5 thoughts on “What’s up?”

  1. Because CCC is not a (federal, for tax purposes) non-profit and does not file a 990 form, we don’t have a very clear picture of its internal financials. However, CCC’s new annual report has some other interesting numbers, in addition to those you cite above: http://www.copyright.com/content/dam/cc3/marketing/documents/pdfs/annual-report.pdf

    The report indicates that CCC took in (revenue) of $272.9 million for 2013, and paid out royalties of $188.7 million. That means that $84.2 million remained with CCC.

    Assuming that almost all incoming revenue is from licensing fees,what’s more interesting is that it means that for every dollar of license fee, about $0.30 is kept by CCC. Not a bad margin.

    How does CCC use all of that remaining $84.2 million? Of course, CCC has to take a cut to run its business. But how much, and for how large or an organization? In that same report we see that CCC claims to collect $939,000 in revenue per FTE. Dividing that number into the total revenue for the year ($272.9 million), it appears that CCC has around 290 full time employees.

    If I’m reading any of this wrong, someone please correct me.

  2. Well said, as usual. For the past few years, I have been giving the copyright-owner industry some benefit of the doubt in trying to understand their occasional back-asswards actions, like filing tens of thousands of lawsuits against individuals for infringing downloads of songs and movies, or initially refusing to negotiate with libraries to “loan” e-books. I have repeatedly said, “They are scared by changing technology, and legitimately so; sometimes they have just gone about addressing those fears in non-productive ways.”

    However, it is becoming increasingly clear that, as Kevin posits, at least some segments of the copyright-owner industry are simply in it for GREED. It is the only thing that can explain continued pursuit of behavior like this lawsuit. The plaintiff’s position shows a complete disregard for the law and the very basis of the law, the Constitutional purpose served by and supporting the law, and the balance of owner rights & user rights embedded in the Constitution.
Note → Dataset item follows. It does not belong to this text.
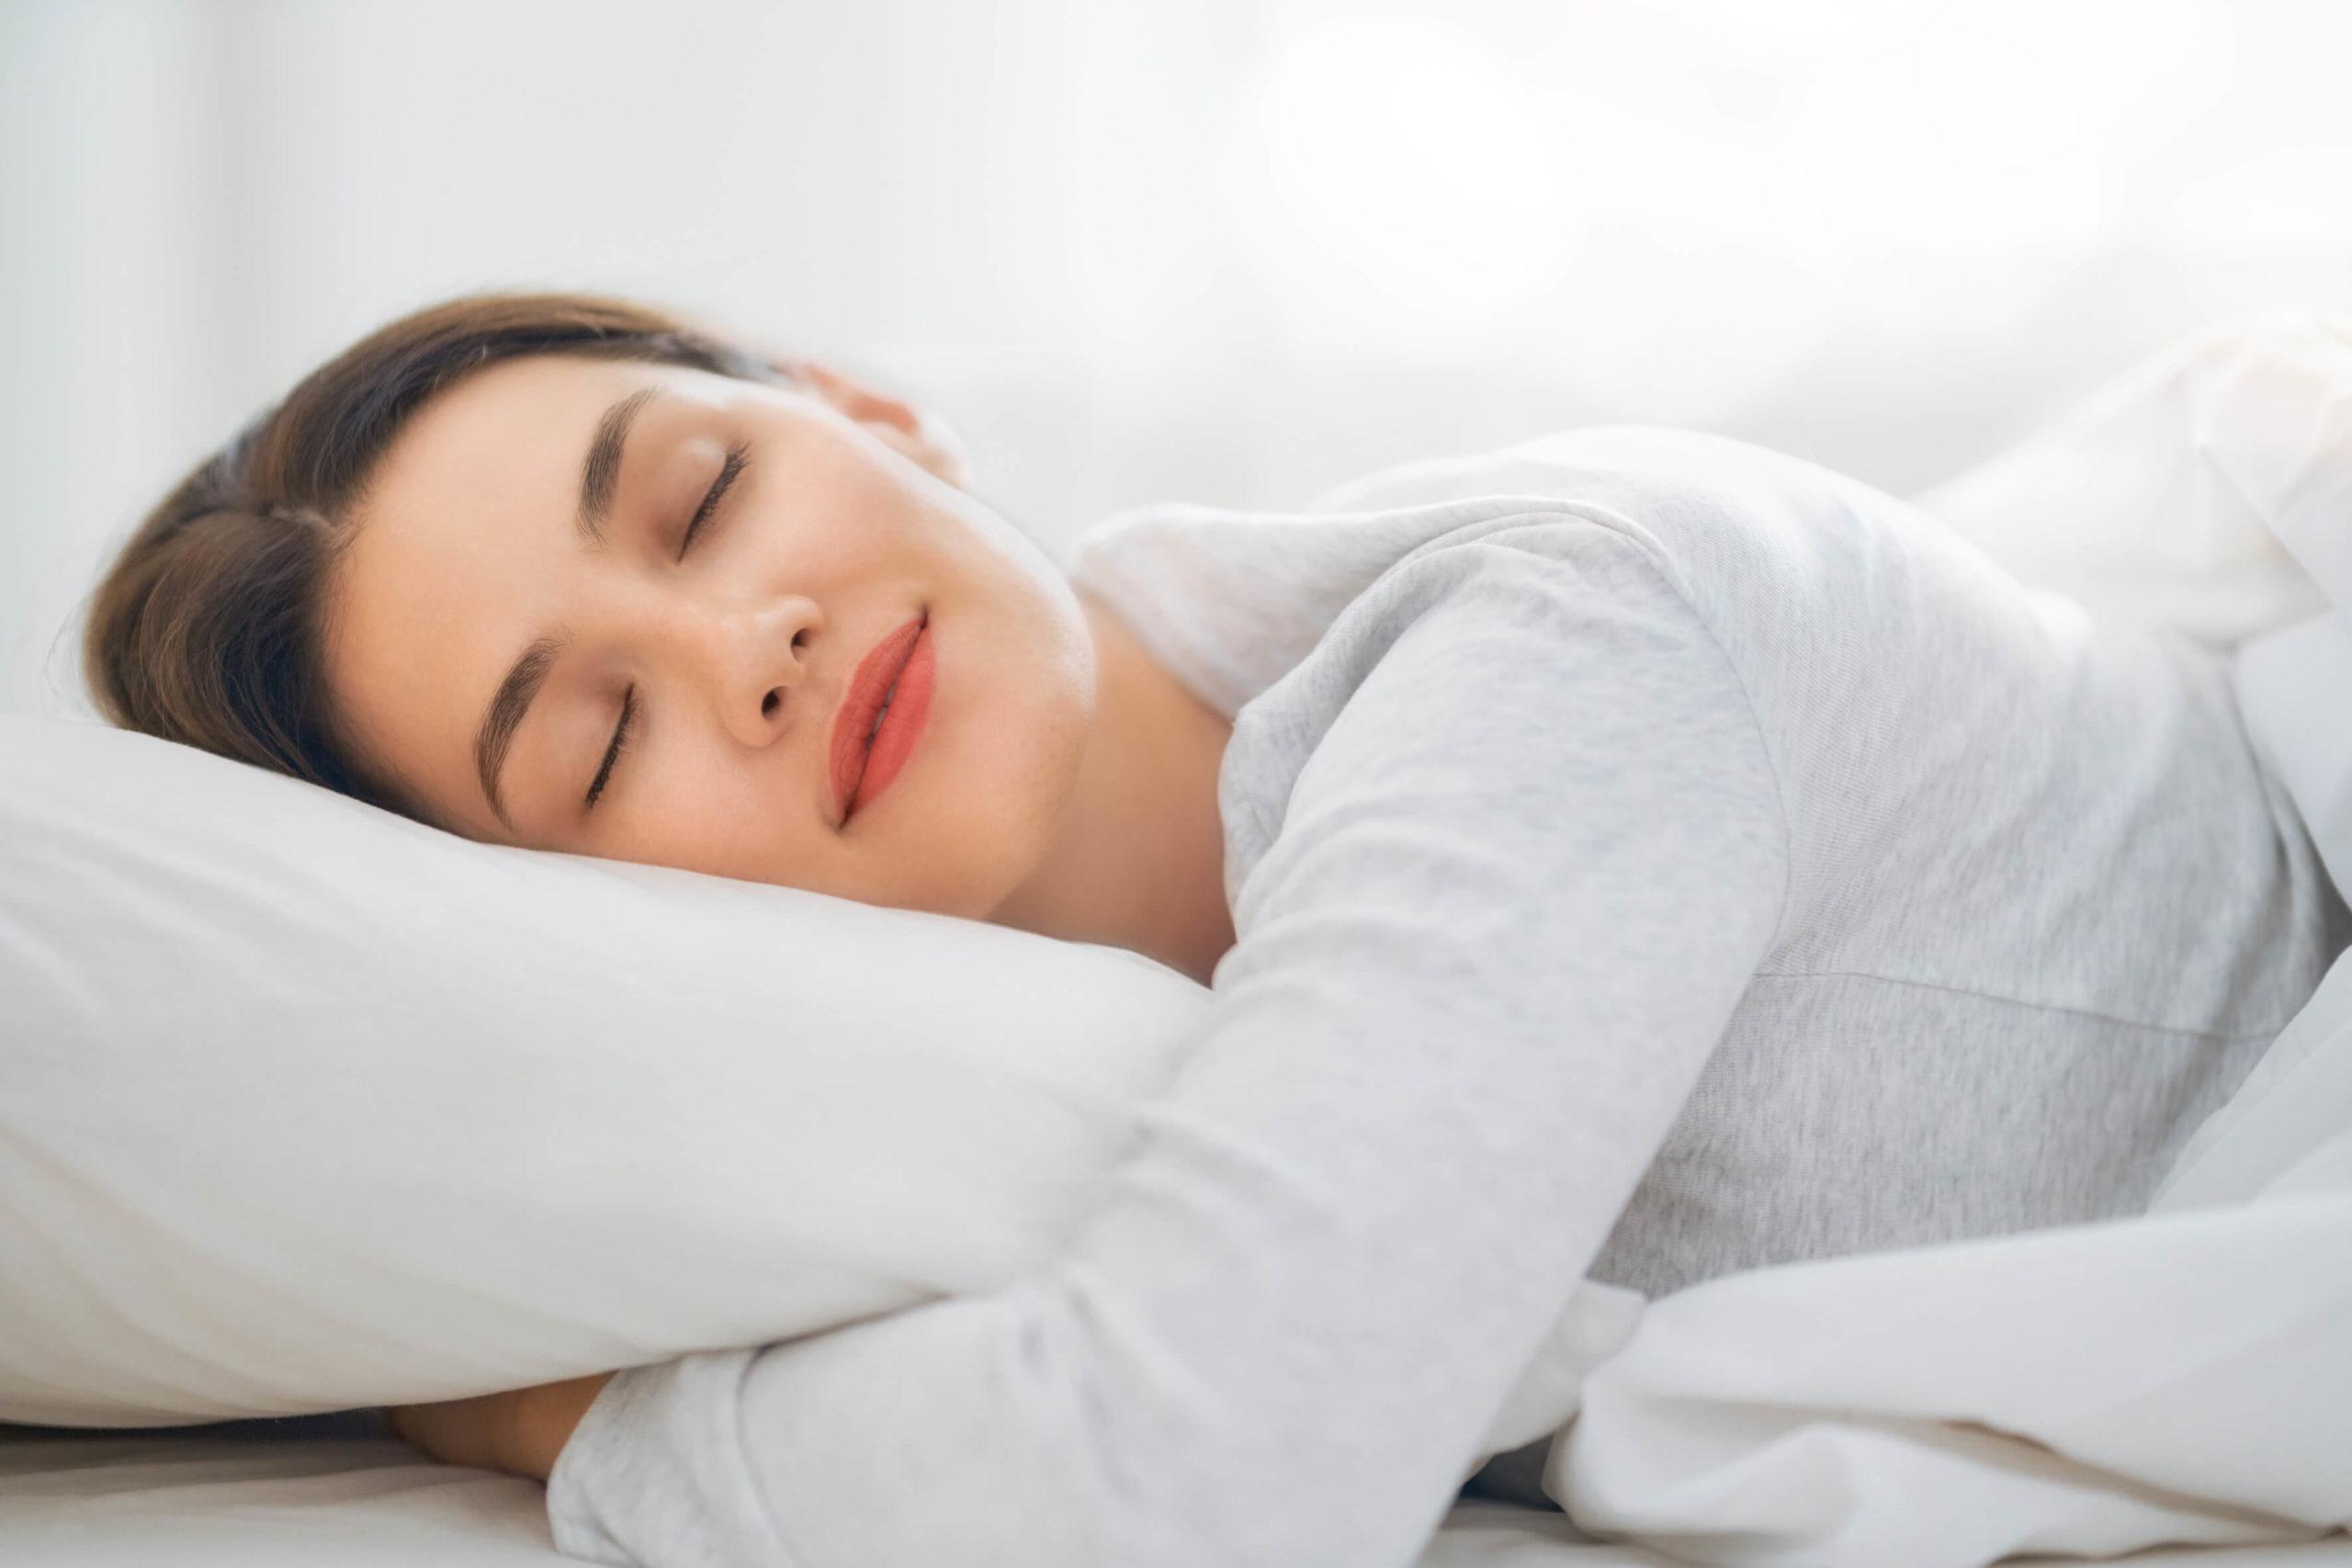 Mevrouw slaapt op een pocketvering matras

    And why is the library world being so quiet about the CCC’s role in this lawsuit?? Is it because the CCC is paying library associations to market to their members in various ways? Are we afraid to offend them? Or have we not spread the word widely and loudly enough?

  3. What percentage of Duke University Press’ revenue comes from licensing/permission fees? What has been the five year or ten year pattern of that revenue stream?

  4. You write that “very little of the $188.7 million that the CCC distributed to rights holders in FY 13 actually goes to creators” but how do you know that exactly? It’s pretty standard, I think, for scholarly book contracts to split income 50/50 for such subsidiary rights. For journals, it’s probably different, but there’s no way of knowing how pie is sliced up here — or is there?

    1. Of course there is; talk to scholarly authors, which is something I do all the time. Most have never seen a check for permission royalties, at least from article publications. And when they do, it is a matter of a few dollars. What it is not, ever, is an incentive to create more scholarly works.